Species scape – the larger the organism the more species! (Yves Basset & Isabelle Bachy).
So sadly to date most of our efforts in understand biodiversity have likely focused on only  around 7% of Australia’s species.

When editing, please don't forget to give a short reason as to why the text has been changed. Wikipedia protects itself from malicious robots by checking this. It is also worth keeping track of your edited text as other editors may want to revert to the status quo. Keeping edits in format free programs like notepad are best as wiki pages are in html.
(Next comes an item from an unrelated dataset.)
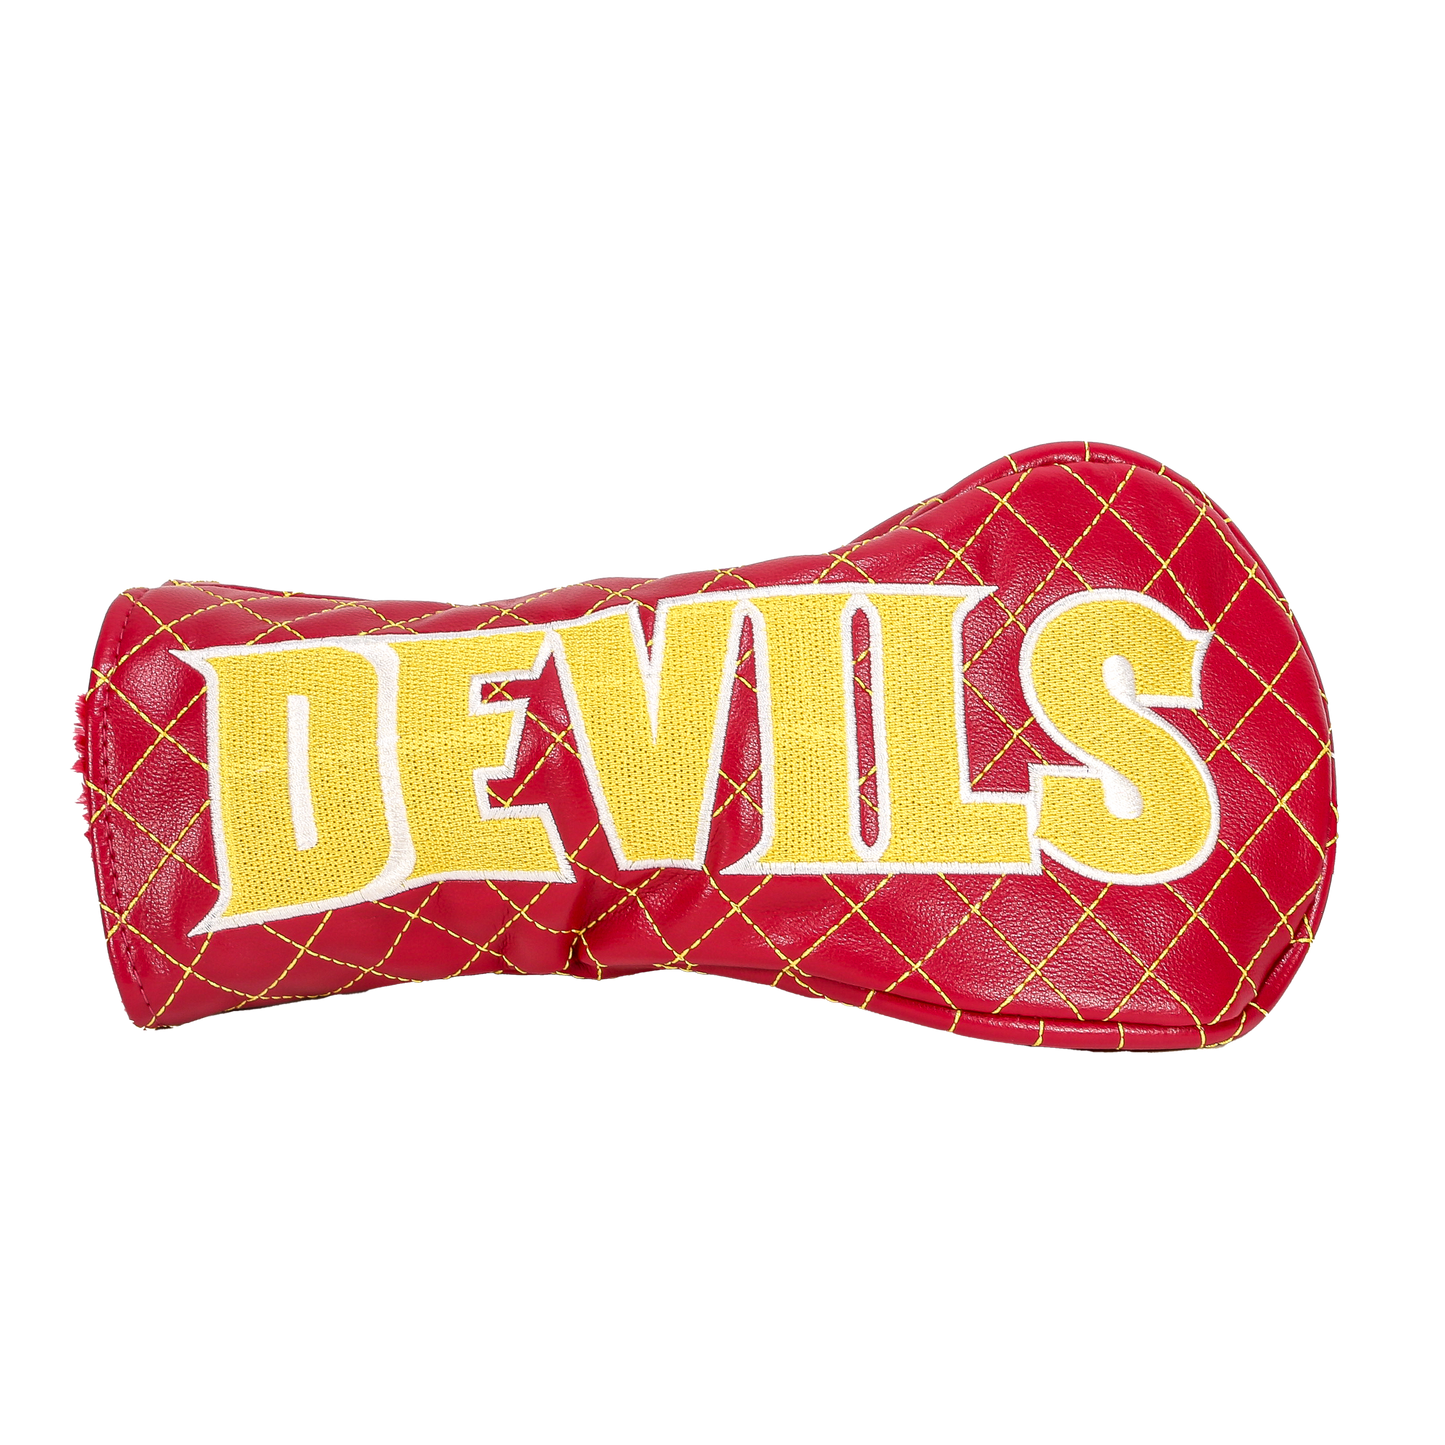 ASU "Devils" Fairway Cover

Remember that information that is not supported by citation is easily modified or removed. (Below are some references that you may want to cite for Australian and Australasian fungi.)

If you would like inspiration you should check out the site for Wombat State Forest particularly section 4 ‘Fauna, fungi and flora’.

If you can upload pictures into Wikipedia it takes a few days but well worth it: ‘sexy fungi’ pictures are always appealing!

If you end up wanting to change more than a word or two you should read up on how to cite in Wikipedia 

Happy editing and correcting on behalf of accuracy and fungal conservation!

Sapphire McMullan-Fisher, Chair of Fungimap Conservation and Biodiversity Subcommittee and Australasian representative on the Council of the International Society for Fungal Conservation.


Chapman, AD. (2009) Numbers of living species in Australia and the world. Australian Biological Resources Study, Canberra. <>

Hawksworth, DL. (1996). Biodiversity: measurement and estimation. Springer..

Minter D. (2011) Botanists and zoologists fungal conservation needs you.

Mueller GM, Schmit JP. (2007). Fungal biodiversity: what do we know? What can we predict? Biodiversity and Conservation 16: 1–5.

Mueller, GM, Schmit, JP , Leacock, PR, Buyck, B, Cifuentes, J, Desjardin, DE, Halling, RE, Hjortstam, K, Iturriaga, T, Larsson, K-H, Lodge, DJ, May, TW, Minter, D, Rajchenberg, M, Redhead, SA, Ryvarden, L, Trappe, JM, Watling, R, Wu, Q. (2007) Global diversity and distribution of macrofungi. Biodiversity and Conservation, 16, 37-48.